_Goal of the exercise:_ All pictures are to be dropped, and the remaining data set down exactly.

_Data block:_
────────────────────

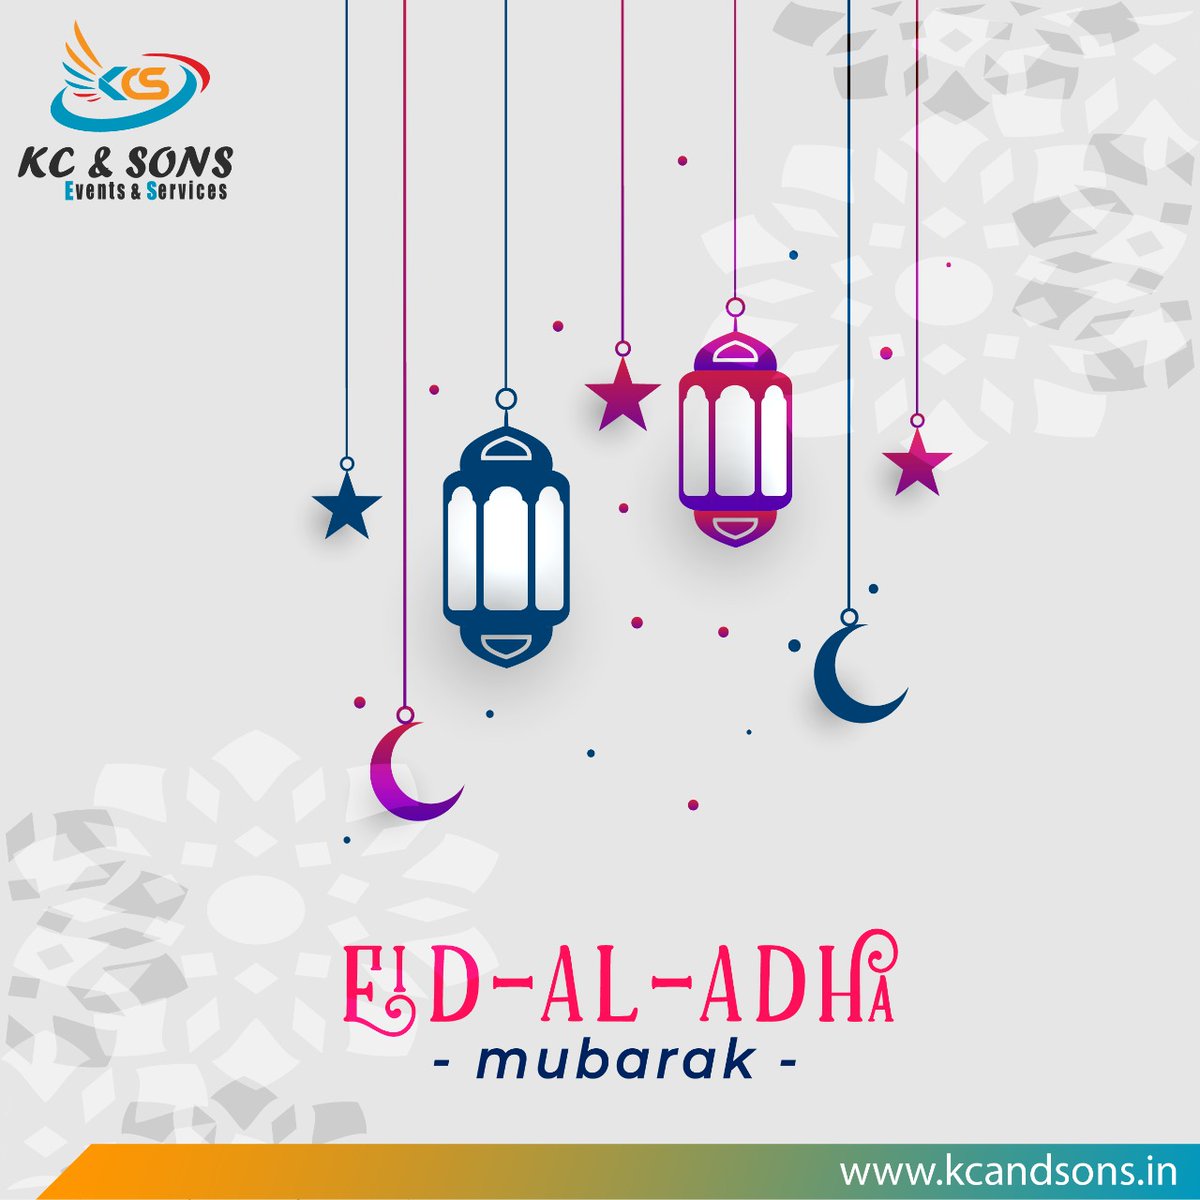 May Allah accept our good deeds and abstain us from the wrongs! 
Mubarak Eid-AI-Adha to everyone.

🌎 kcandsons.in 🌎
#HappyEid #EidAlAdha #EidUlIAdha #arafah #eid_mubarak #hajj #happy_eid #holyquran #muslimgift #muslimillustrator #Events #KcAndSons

────────────────────

_Written solution:_
 May Allah accept our good deeds and abstain us from the wrongs! 
Mubarak Eid-AI-Adha to everyone.

🌎 kcandsons.in 🌎
#HappyEid #EidAlAdha #EidUlIAdha #arafah #eid_mubarak #hajj #happy_eid #holyquran #muslimgift #muslimillustrator #Events #KcAndSons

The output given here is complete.